▶ WORK TASK: Begin at the line below that has "My reflection for" and stop after the line that has "Prefeitura de Lauro". Please restate only those lines, word for word.

▶ MATERIAL TO PROCESS:
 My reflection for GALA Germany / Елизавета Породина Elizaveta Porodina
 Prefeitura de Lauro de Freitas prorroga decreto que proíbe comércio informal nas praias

* * *

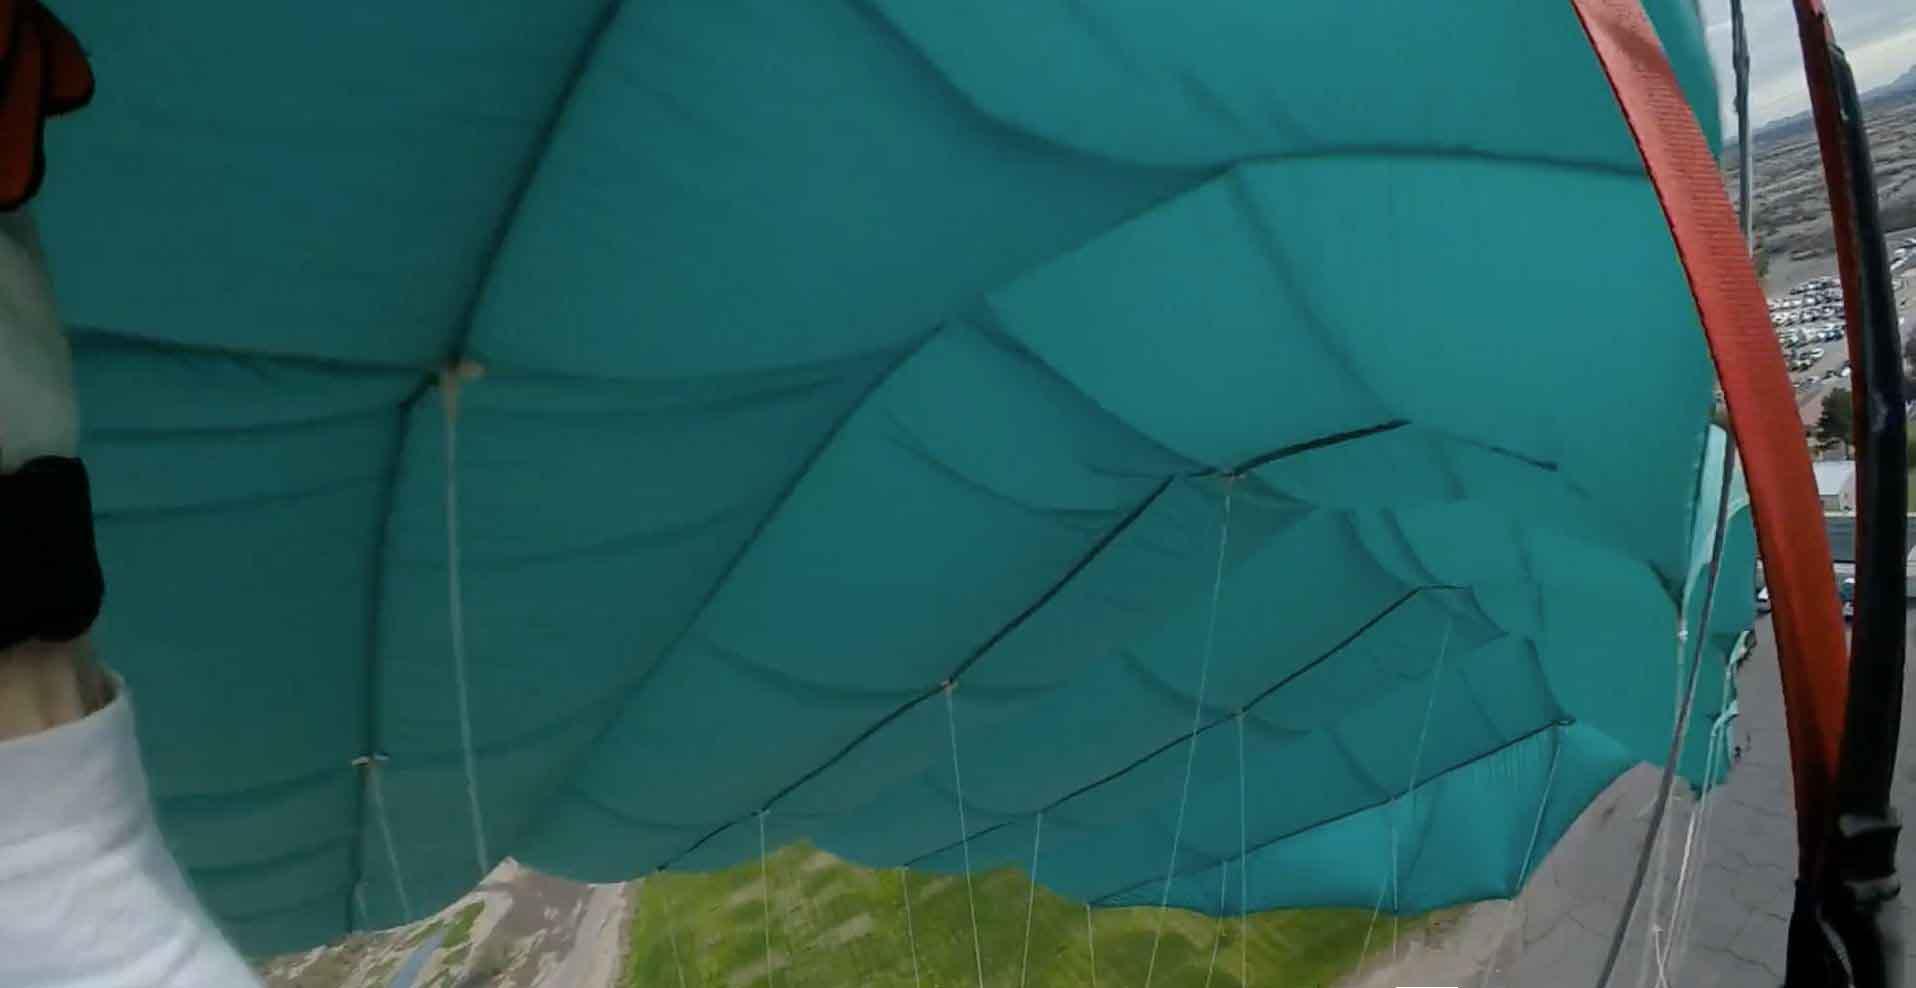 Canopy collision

▶ ANSWER FOR THE TASK:
 My reflection for GALA Germany / Елизавета Породина Elizaveta Porodina
 Prefeitura de Lauro de Freitas prorroga decreto que proíbe comércio informal nas praias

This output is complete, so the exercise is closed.